= FARC files =

Documents seized from the Revolutionary Armed Forces of Colombia

The FARC files are computer files which were retrieved from a Revolutionary Armed Forces of Colombia (FARC) camp in Ecuador according to the Colombian government, during a Colombian raid into Ecuador which sparked the 2008 Andean diplomatic crisis. In May 2011 the Supreme Court of Colombia ruled the FARC files inadmissible as evidence due to their acquisition from abroad by the military (rather than by the Judicial Police), and in addition stated that the validity of the content could not be verified.

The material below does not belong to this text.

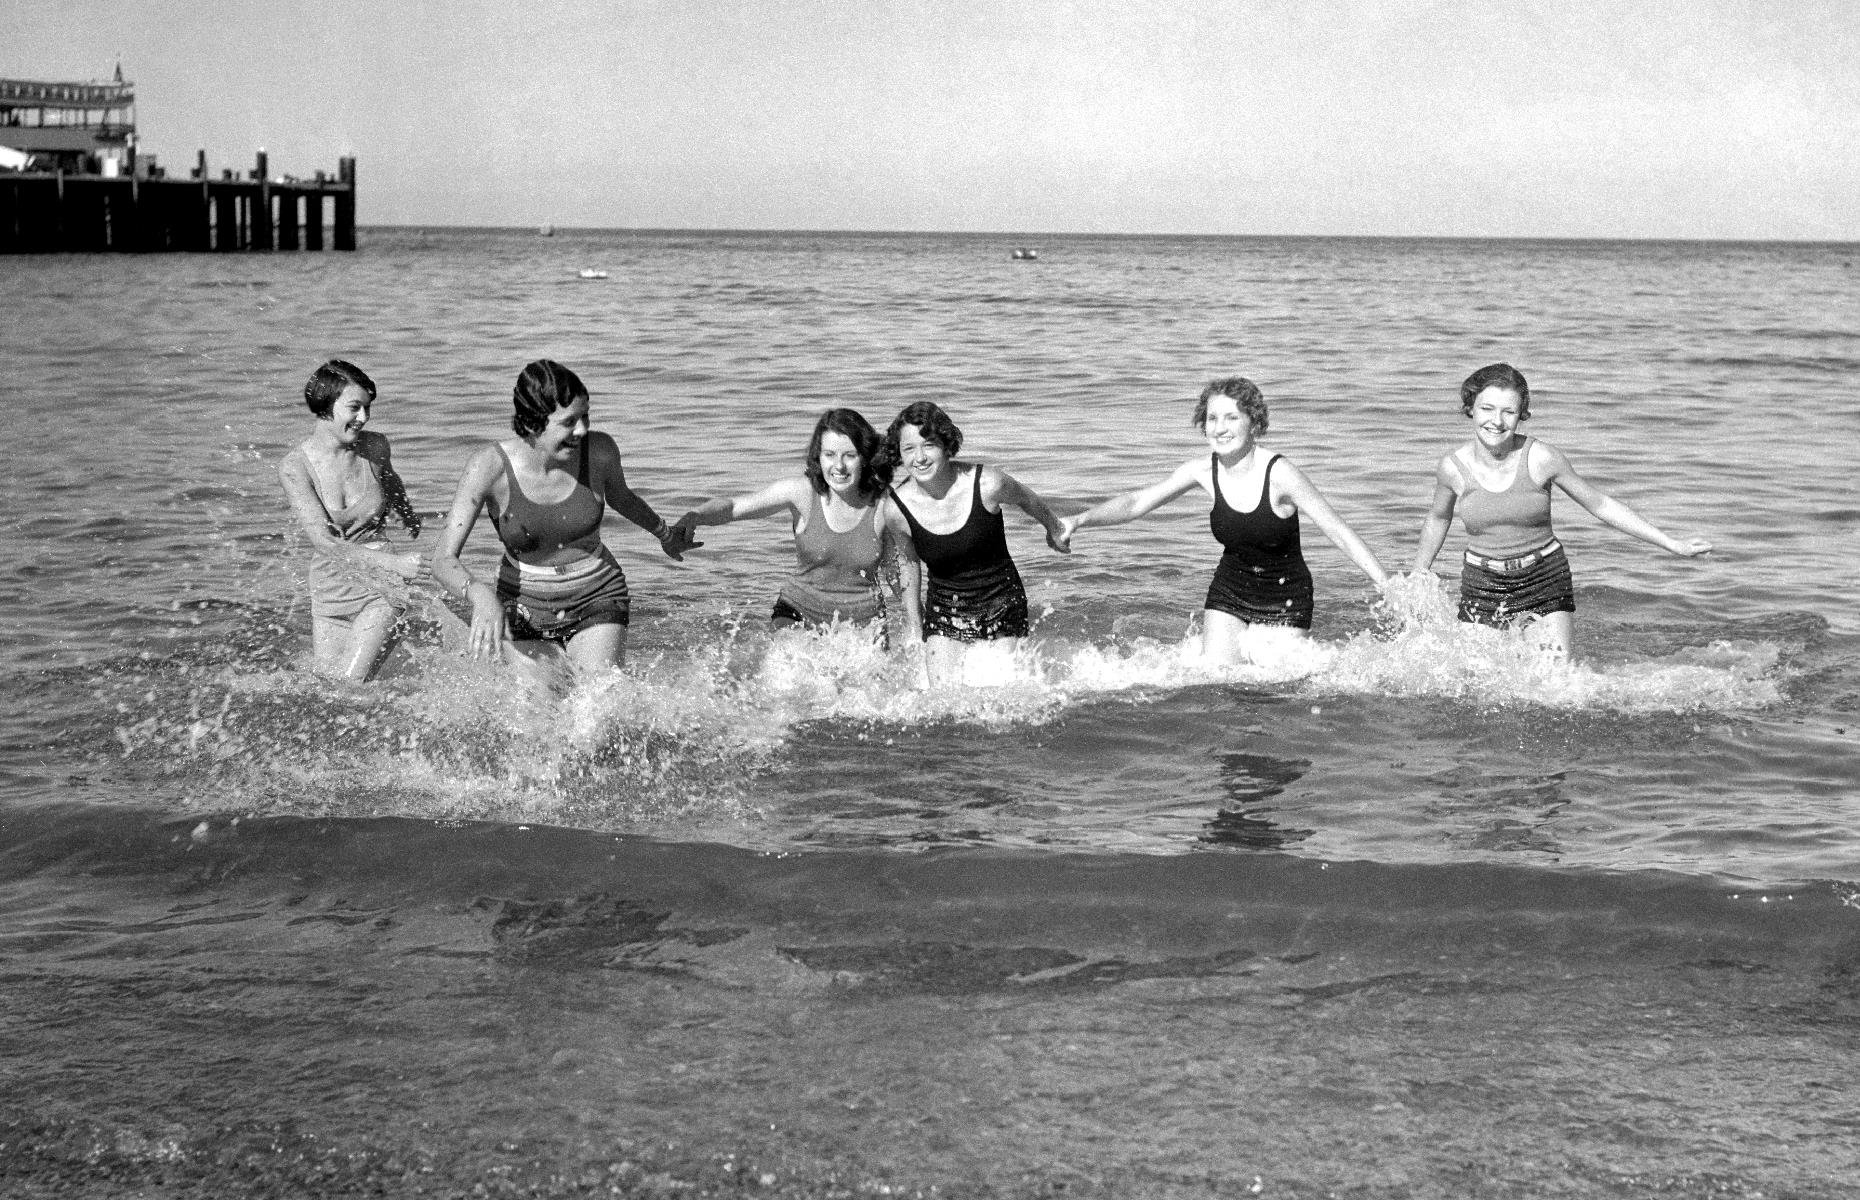 Over on the west coast, the Golden State pulled in its fair share of vacationers too. Spots such as Santa Catalina Island, a sun-drenched isle off the Southern California coast, attracted holidaymakers in search of a seaside getaway. A group of young women are snapped here as they paddle in the Pacific Ocean during a 1932 trip to the island.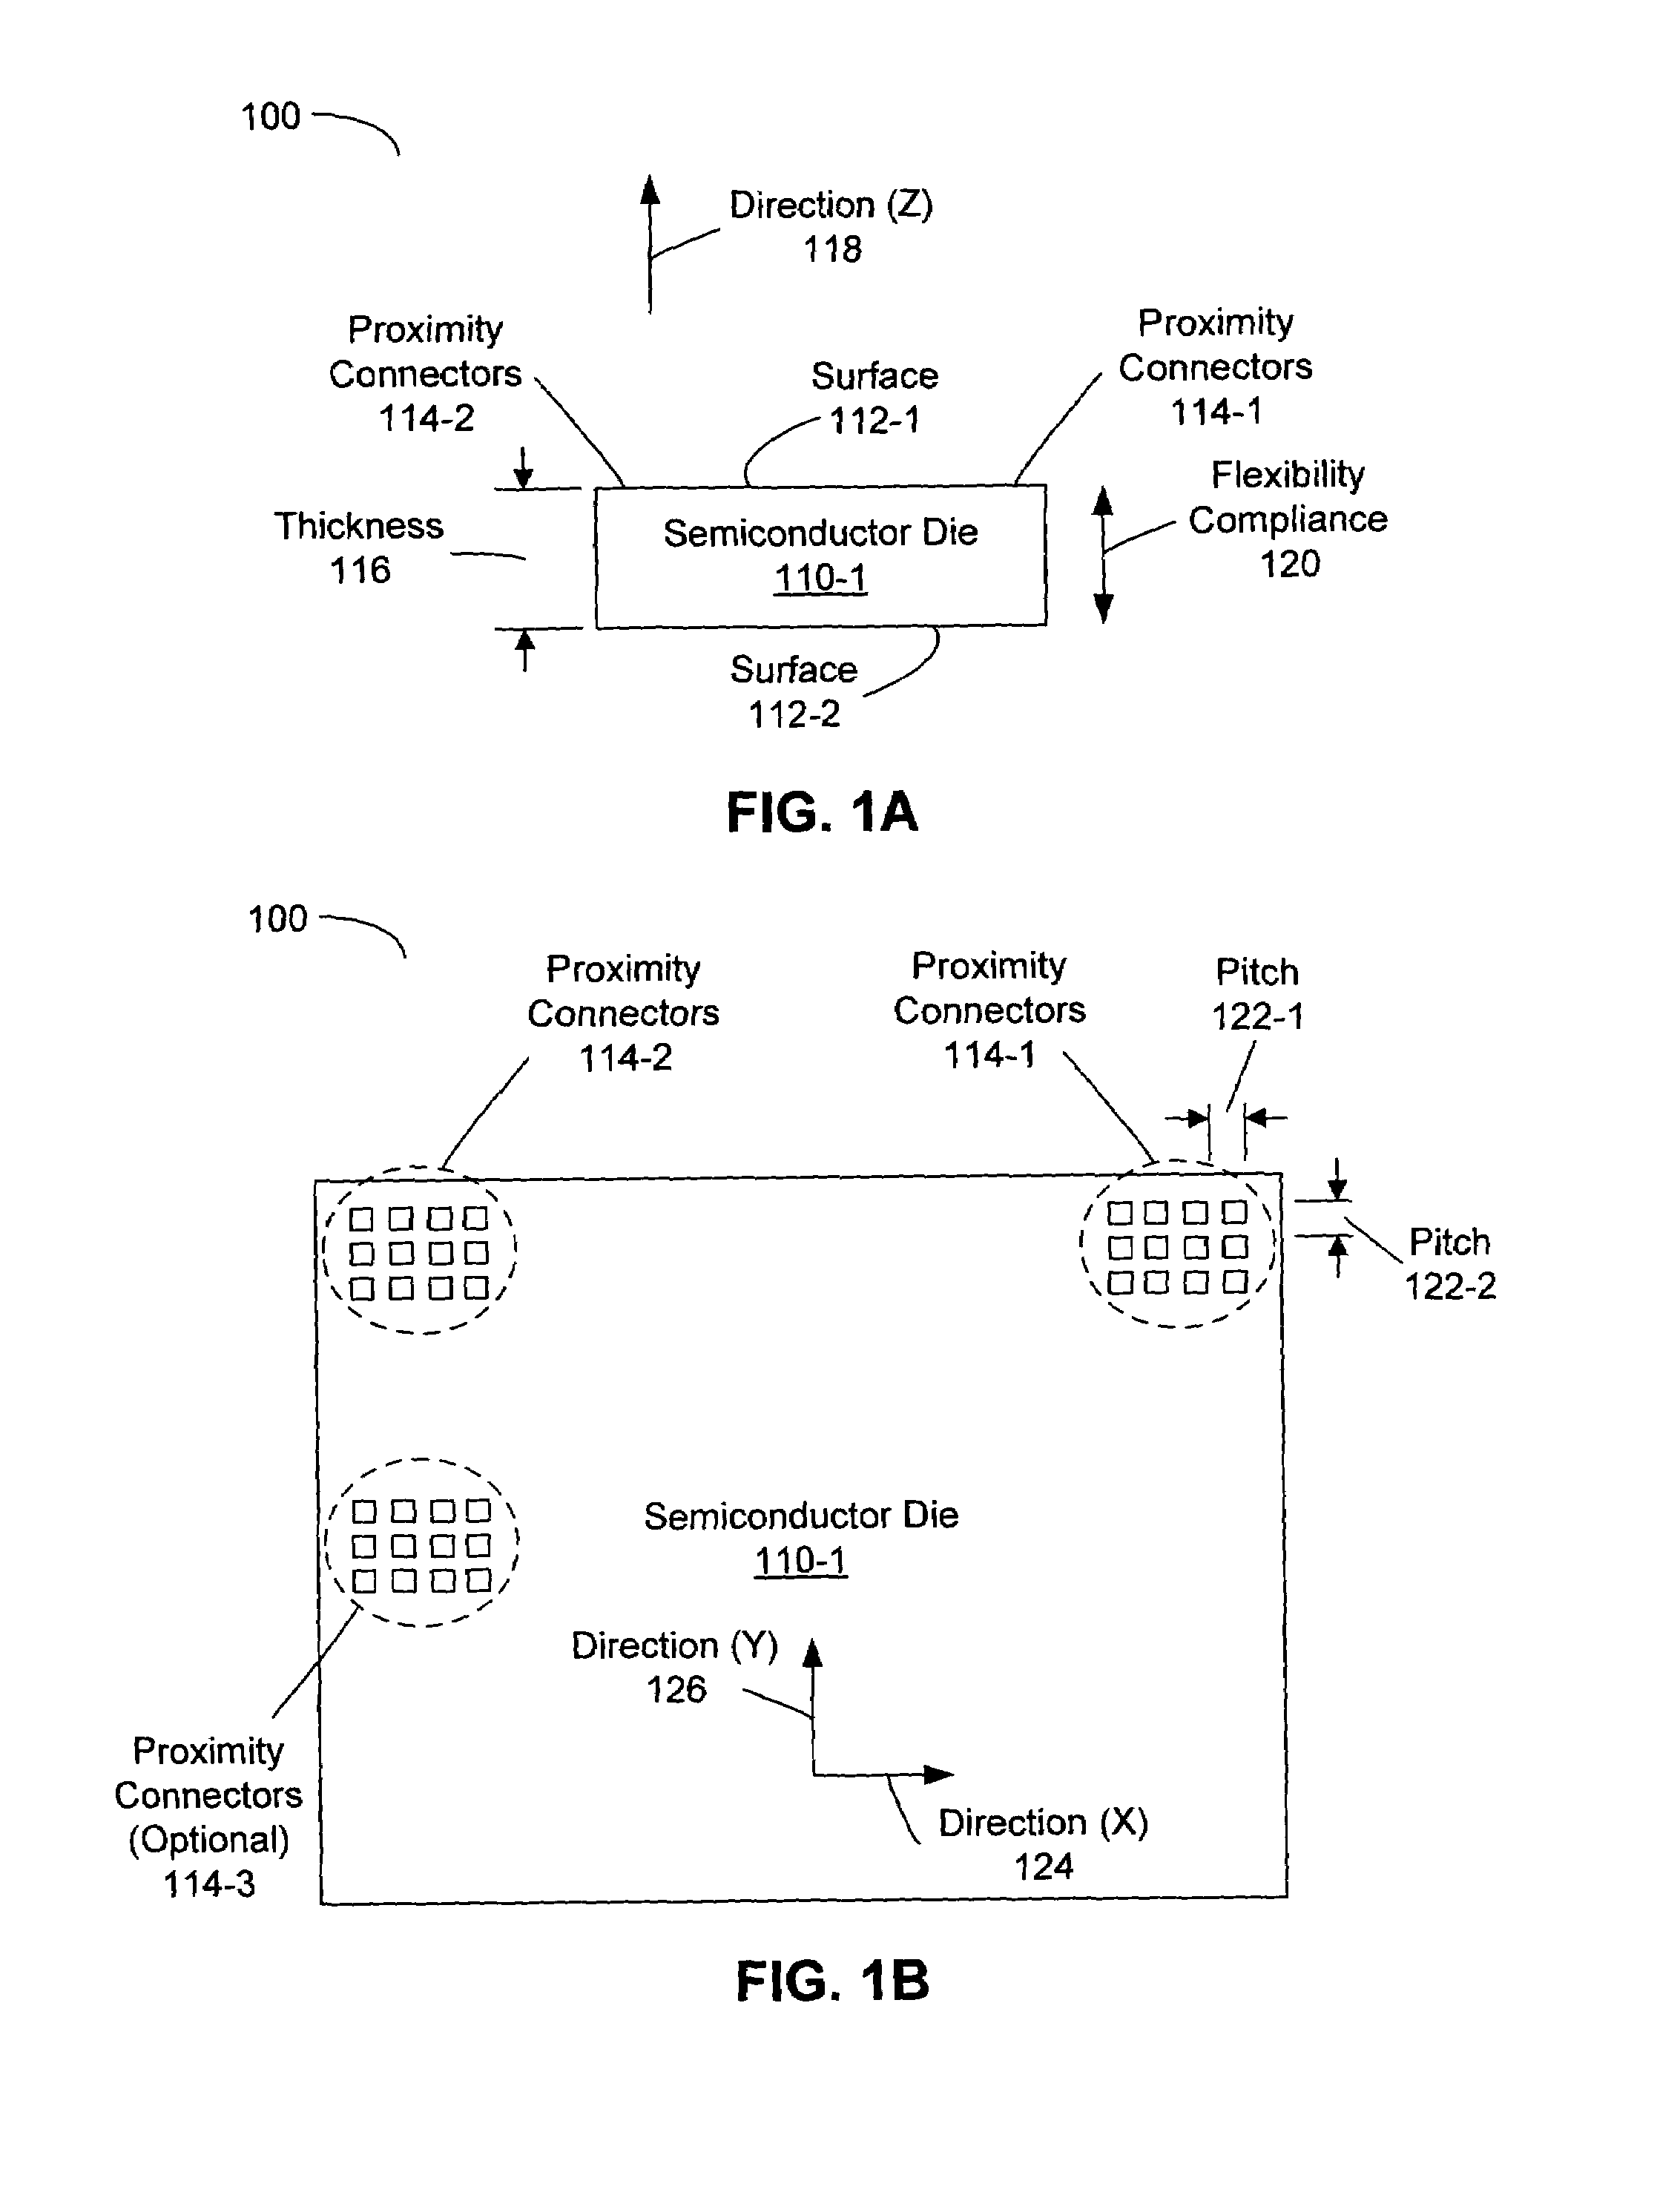 Structures for Z-aligned proximity communication

==Provenance and authenticity==
The cross-border raid on the camp took place in the early hours of 1 March 2008. On the afternoon of 2 March 2008, in a short press release, General Óscar Naranjo, director of the Colombian National Police, as spokesperson of the Colombian government, announced that during the military operation on the Colombia-Ecuador border, several documents and three laptops had been retrieved along with the bodies of Raúl Reyes and one of his lieutenants. Copies of 13 documents were provided by General Naranjo to reporters on March 4. Eight electronic data sources (three laptops, two external hard drives, and three USB memory sticks) were later handed to Interpol on 10 March. During Interpol's press conference on 15 May, the Secretary General said: "The eight seized computer exhibits contained more than 600 gigabytes of data, including 37,872 written documents, 452 spreadsheets, 210,888 images, 22,481 web pages, 7,989 email addresses, 10,537 multimedia files (sound and video) and 983 encrypted files. In non-technical terms, this volume of data would correspond to 39.5 million filled pages in Microsoft Word and, if all of the seized data were in Word format, it would take more than 1,000 years to read at a rate of 100 pages per day."

===Interpol===
The Colombian Administrative Department of Security (DAS) reported that it had asked for Interpol's technical support in order to decipher the seized FARC computers. According to the DAS, Interpol accepted the request and sent several experts to Colombia.

The final report was presented on May 15. Interpol's report said that it found no evidence that the Colombian Government had manipulated the laptops, although the initial Colombian security force access to the data sources (between 1 and 3 March) did not conform to international standards. The laptops had been booted and hard drives or USB sticks were viewed. President Hugo Chávez dismissed Interpol's findings as "A show of clowns, ridiculous" given by a "gringo, aggressive, corrupt and vagabond policeman," about which "spending time on is not worthwhile." and threatened to revise (again) both its economic and diplomatic relations with Colombia.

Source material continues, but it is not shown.